Но как первое рассеяние не помешало
оживлению, так и второе не должно ему помешать: существо рано или поздно
обязательно должно принять органическую форму.
После этого второго рождения опять получим
смерть и рассеяние. После каждой смерти получается одно и то же. Стало быть,
если однажды получилось рождение, то оно и будет повторяться вечно.

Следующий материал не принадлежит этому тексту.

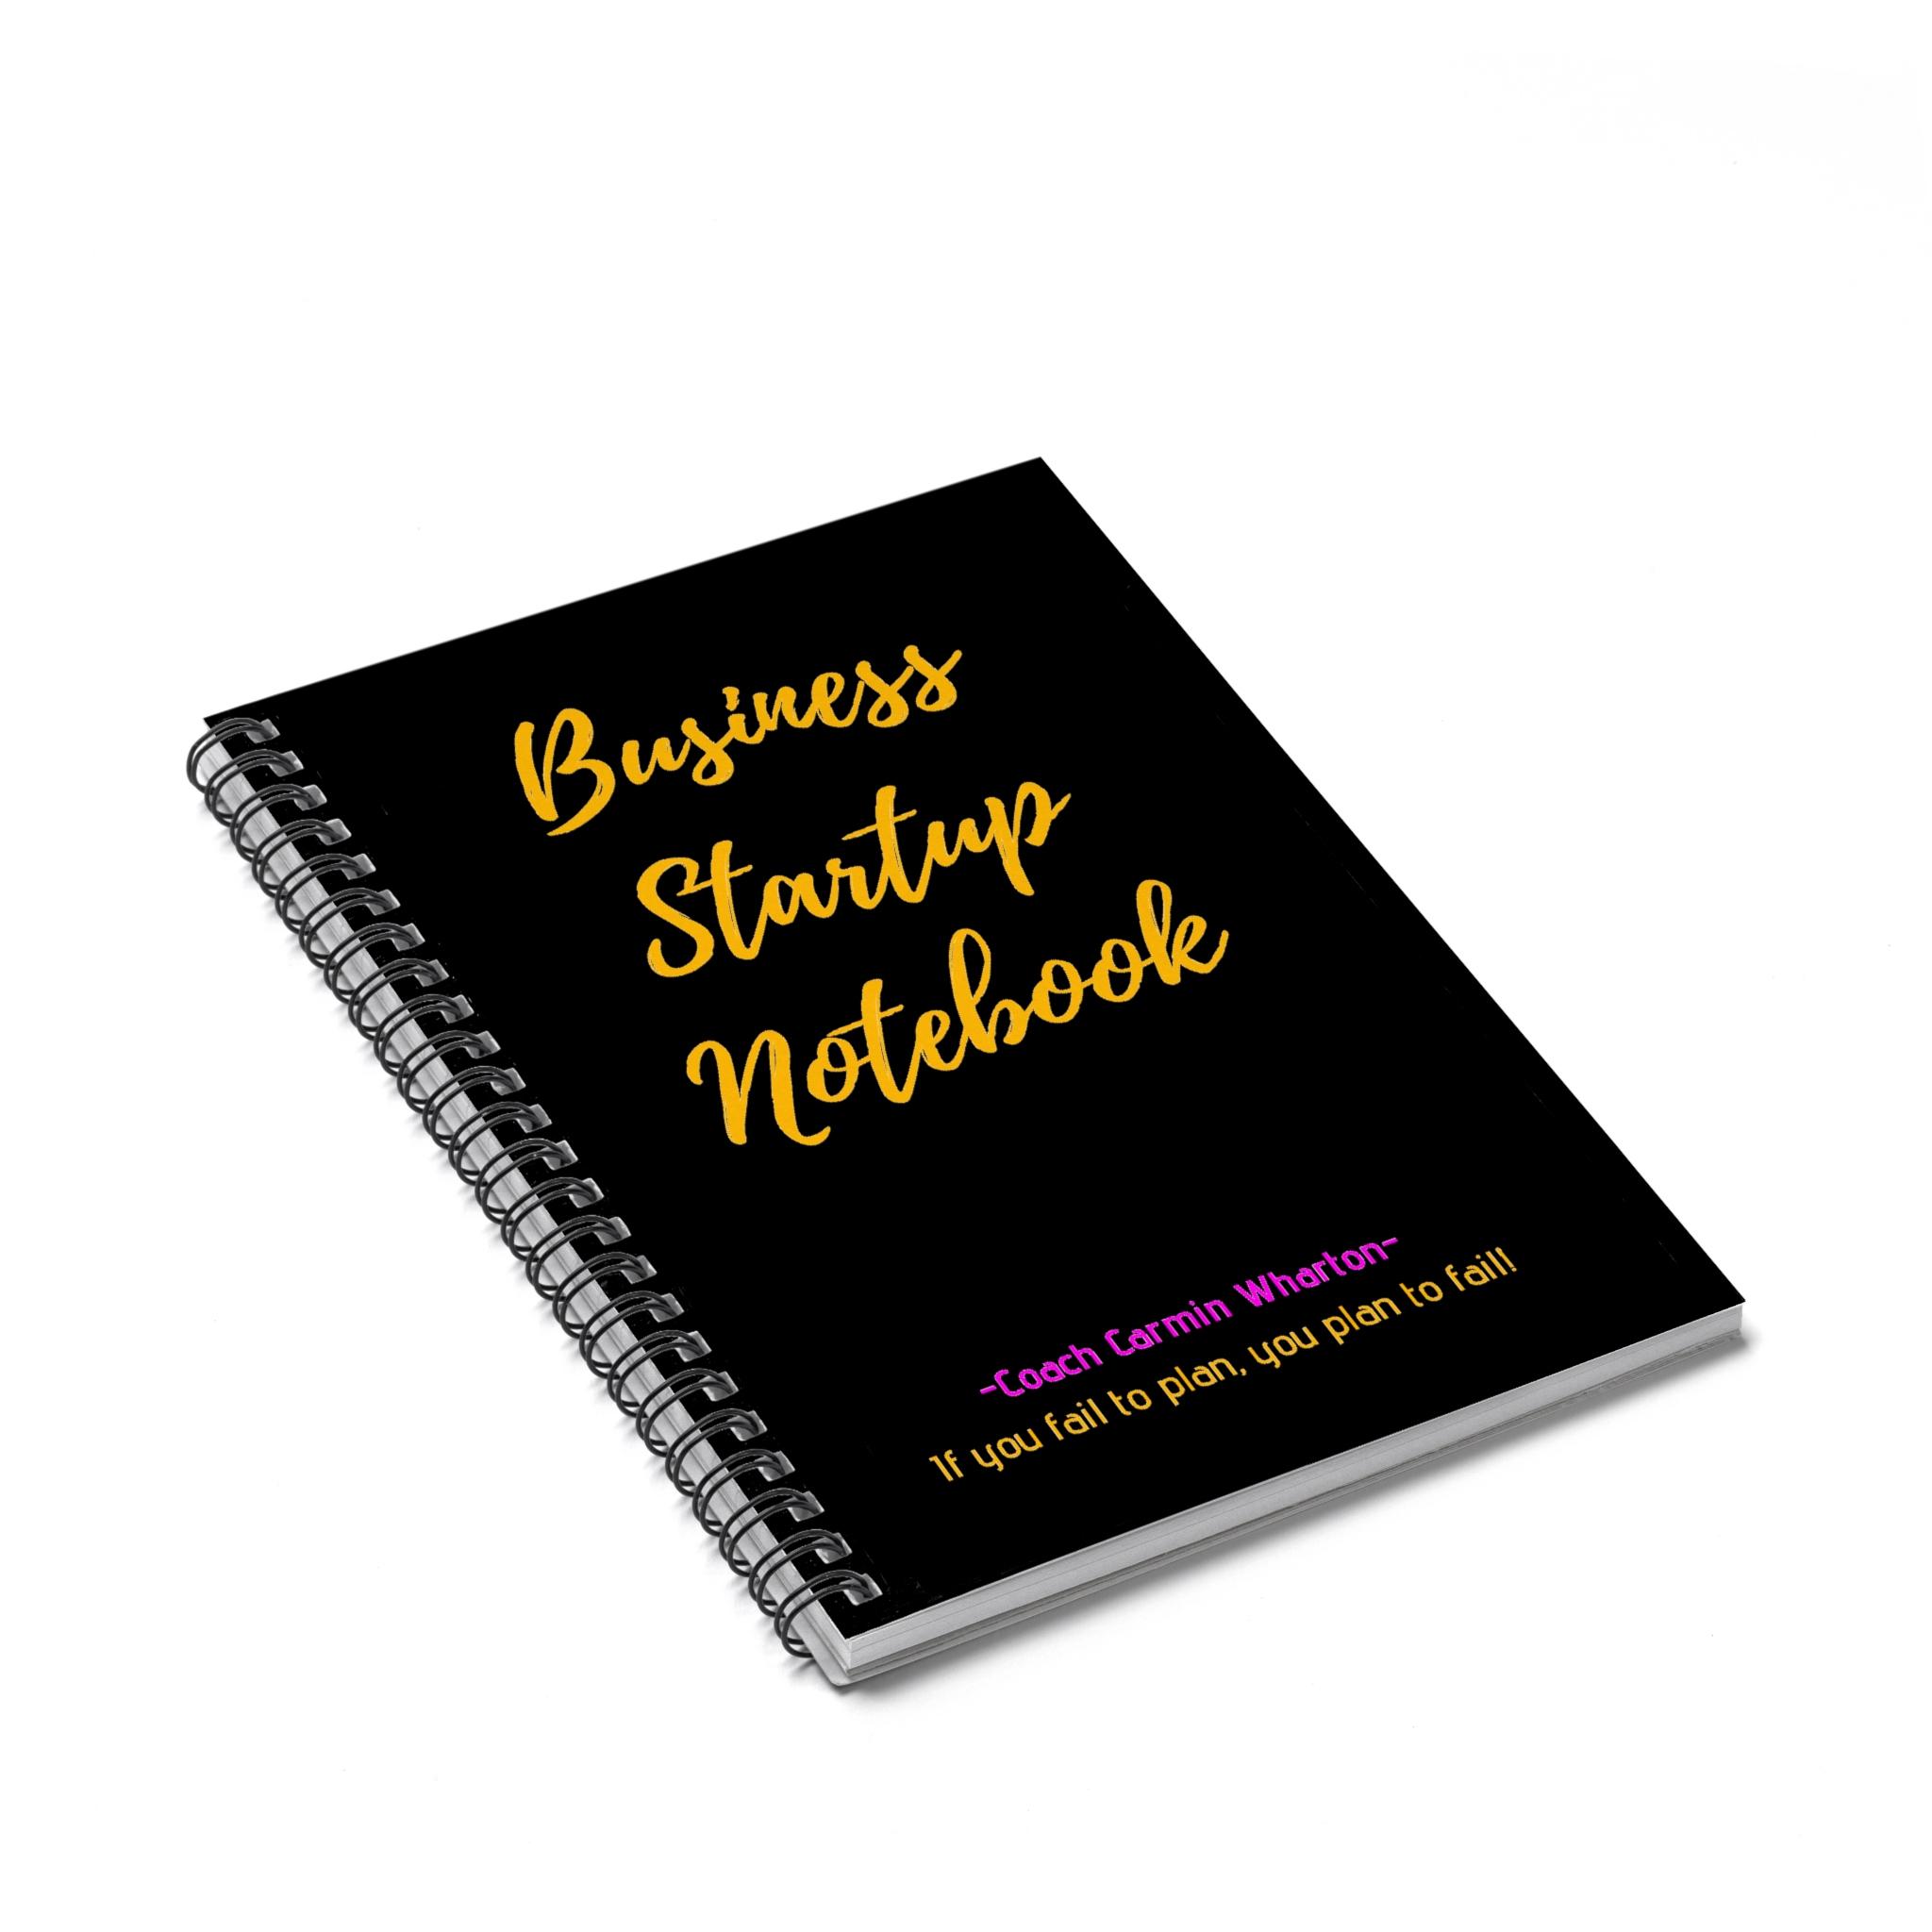 Business Startup Notebook - $13.05 -

Органической материи на нашей планете очень
мало в сравнении с неорганической, и потому вероятность рождения определяется
многими миллионами лет после разрушения. Тогда уже на Земле не будет ничего
несовершенного и мы можем возникнуть только в образе высших зрелых существ.
Но нельзя на это твердо рассчитывать. Есть
малая доля вероятности возникнуть для жизни и через несколько лет, дней и даже
секунд. В каком же образе мы возникнем? Каждого это должно интересовать.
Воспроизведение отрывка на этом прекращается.